Located on the southern tip of Cuyuga Lake, the largest of New York's large Finger Lakes, Stewart Park is located in a tranquil place. It is just outside of the primary development of Ithaca, NY, away from the Commons, Cornell University, and Ithaca College. The primary development of Ithaca was actually away from the waterfront for the reason of better availability of fast flowing creeks for the creation of mills and more. Ithaca is Gorges, very much like the slogan suggests. There are countless giant waterfalls that are a spectacular sight to see. Because of the power that could be utilized from these waterfalls and creeks, in addition to the risk of flooding near the waterfront, the primary development of the city is a little bit inland. This land was also owned as an estate. Since the location of Stewart Park is in a relatively remote location, it was purchased by the local trolley company for a turn-of-the-century trolley park in 1894, not too different from the many others in this time period. It was called Renwick Park and included in the park were Vaudeville acts,  a zoo, and a carousel. It closed in 1915, several years after the trolley line was out of operation.
The park's tranquil location at the end of Cuyuga Lake




A little known fact about Ithaca is that it served as a Hollywood-like center for the short-lived Silent Film Era. The Whartons, the primary silent film studio, utilized the park as a production place. The beautiful views from this spot and around the city were perfect for the time before the talkies were produced. In 1920 Santa Cruz, CA was able to woo the Whartons to move away from Ithaca, leaving this land abandoned. Below you can see the century old studio building on the left and the concession stand on the right.
At this point, the public park movement was in place. The entire area around Cuyuga Lake, as much of it is now, was completely privately owned. One of the city's most forward looking mayors, Edwin Stewart, saw the value in having a centrally located section of waterfront open for the people. He established a community park and to this day it is a popular place with a large playground, picnic grounds, barbecue pits, swings along the lakefront, plentiful wildlife, and a wide range of recreational activities. Of the most interest to us is that they opted to add back a carousel.
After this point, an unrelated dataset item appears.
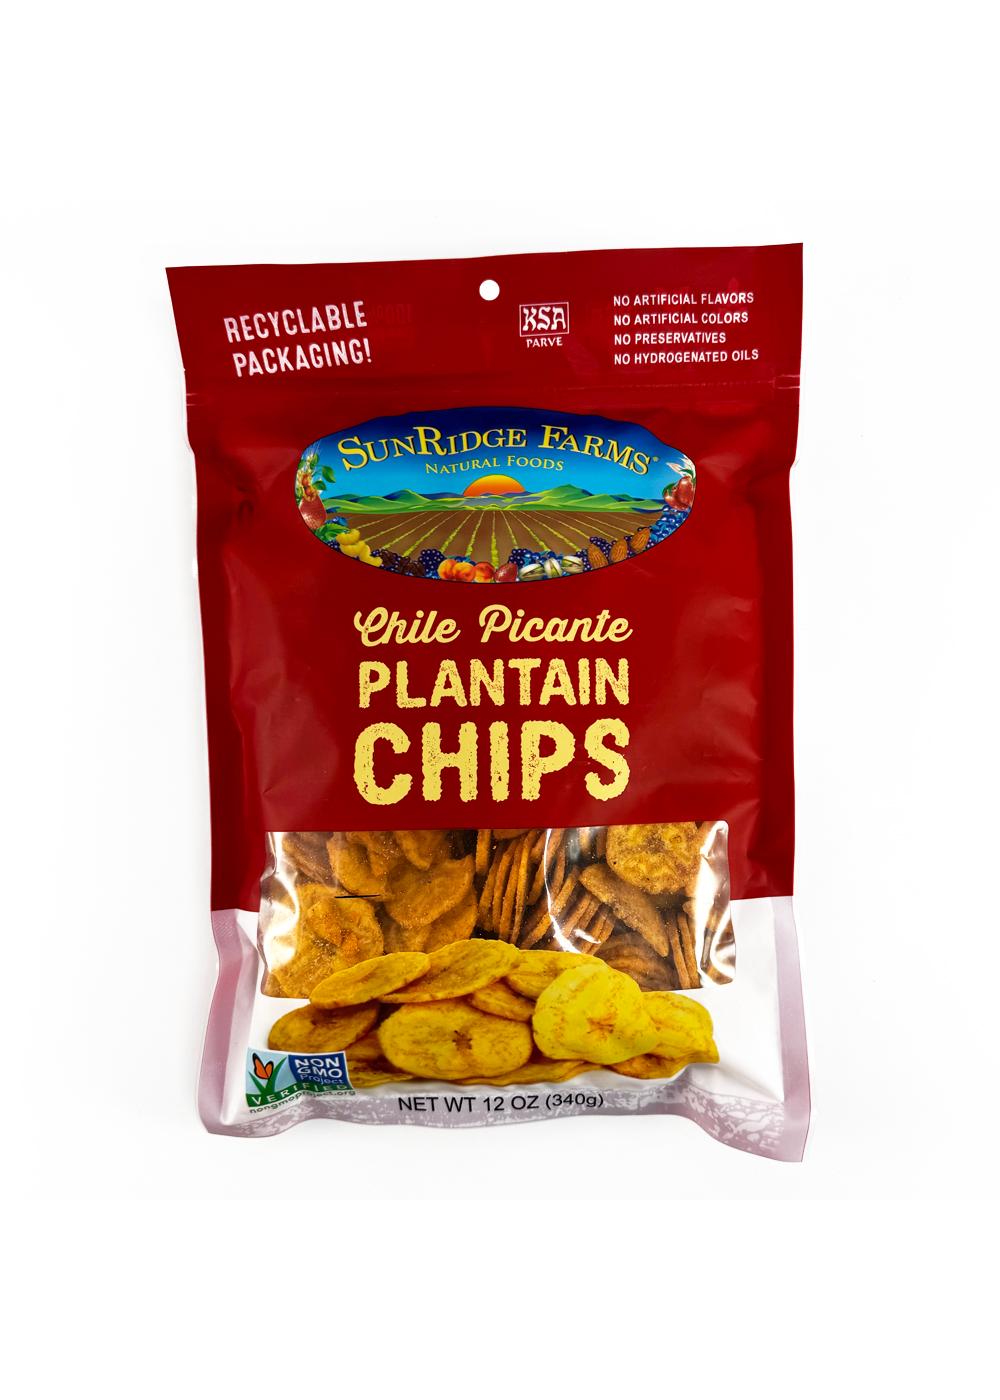 SunRidge Farms Chile Picante Plantain Chips; image 1 of 2

They purchased a new carousel from the relatively local company out of the Buffalo area, Herschell.
According to the National Carousel Association, the carousel was added to the park in 1951. It has the wonderful art deco style of the Herschell machines of that era, including the signature vertical fluorescent lights with curved metal serving as a halo/backsplash to the lights, for lack of better words to explain it.
There are three rows of metal jumping horses. This machine is really beautiful and well taken care of.

 Throughout the ride you get a relaxing view of the playgrounds, trees, and the lake.


If you are in Ithaca, be sure to shell out 75 cents to go ride this community treasure. More community parks should have carousels like this. Carousels help bring the community together and provide a relaxing setting for a wonderful afternoon away from it all.